## TASK STATEMENT
Apart from the pictures, reproduce the data below exactly as it stands.

## DATASET EXCERPT
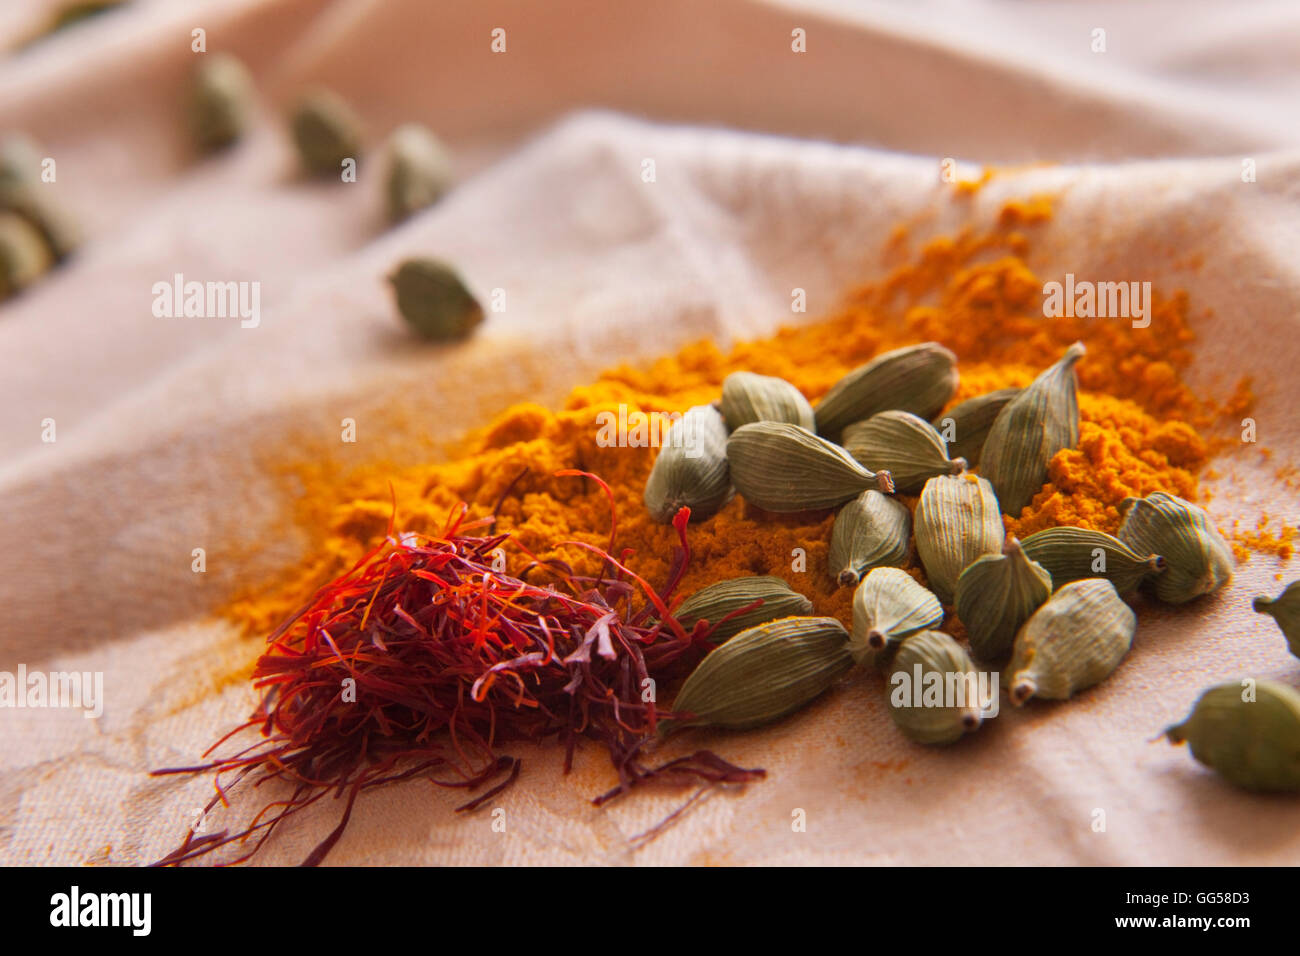 Green cardamom pods, saffron and turmeric powder on cloth Stock Photo
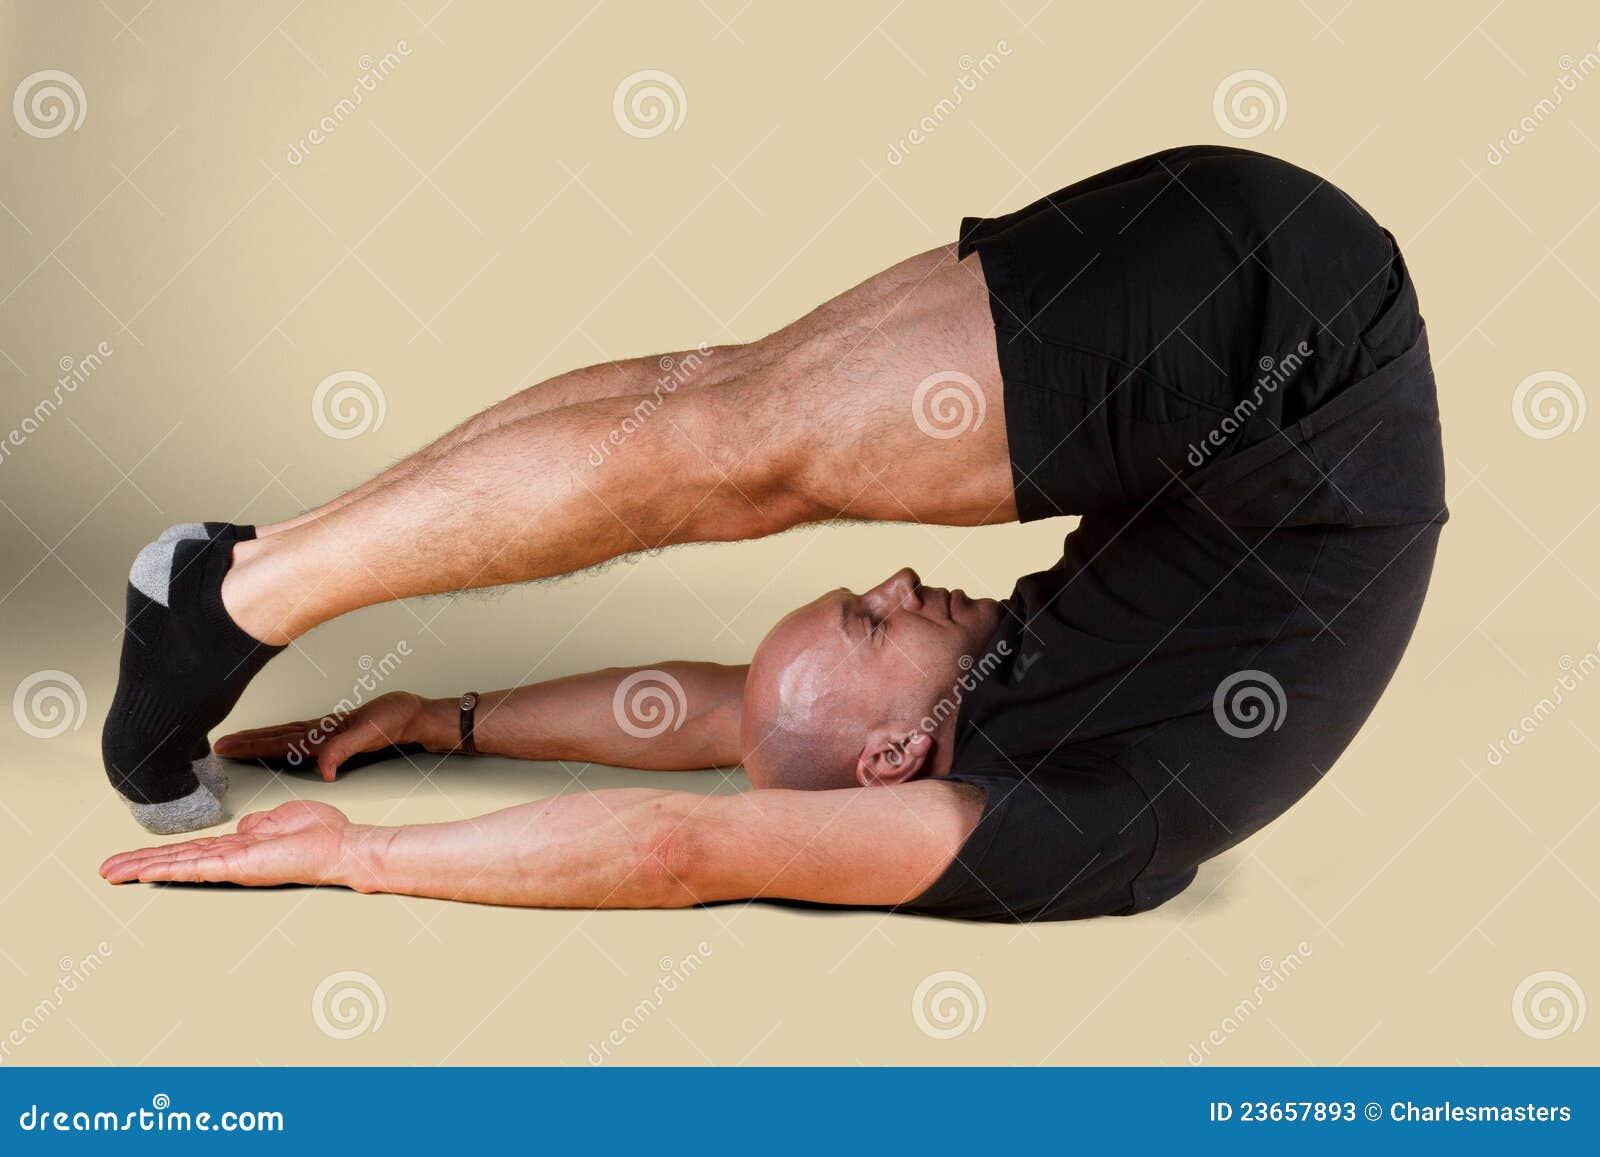 Pilates Position - Jack Knife Stock Image - Image of body, workout: 23657893
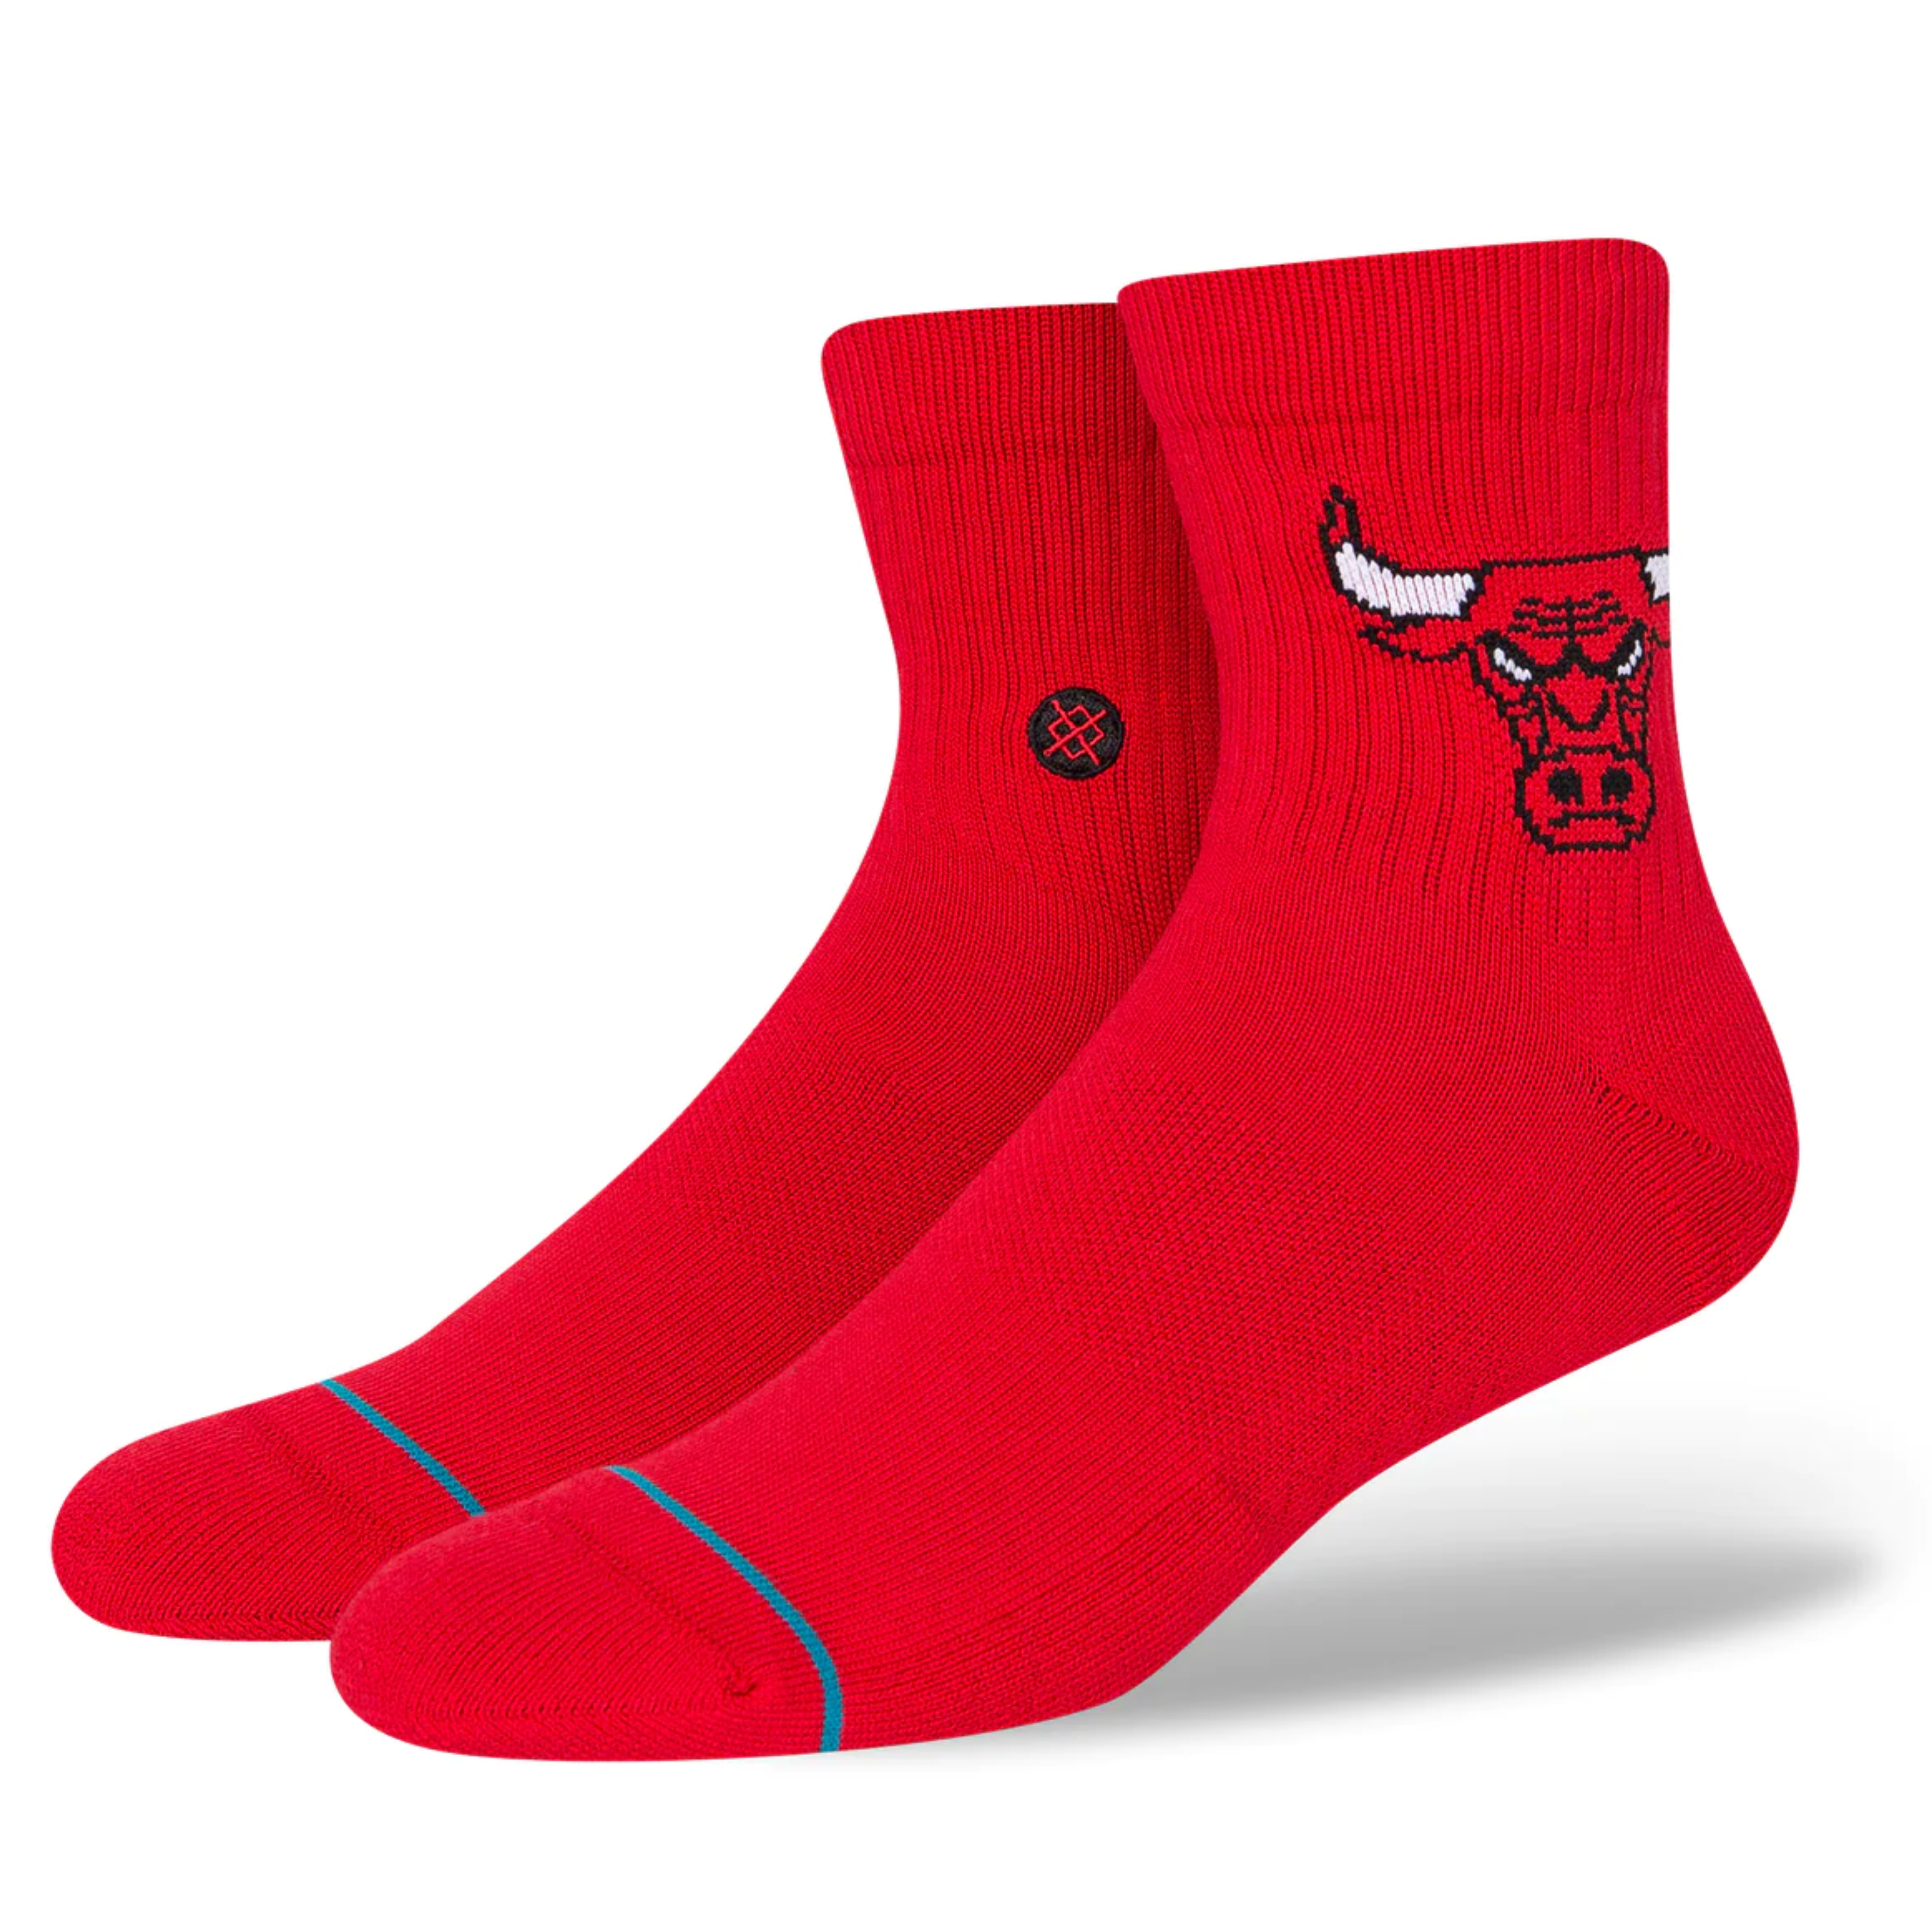 NBA - Chicago Bulls - Red

## TASK OUTPUT
 Green cardamom pods, saffron and turmeric powder on cloth Stock Photo
 Pilates Position - Jack Knife Stock Image - Image of body, workout: 23657893
 NBA - Chicago Bulls - Red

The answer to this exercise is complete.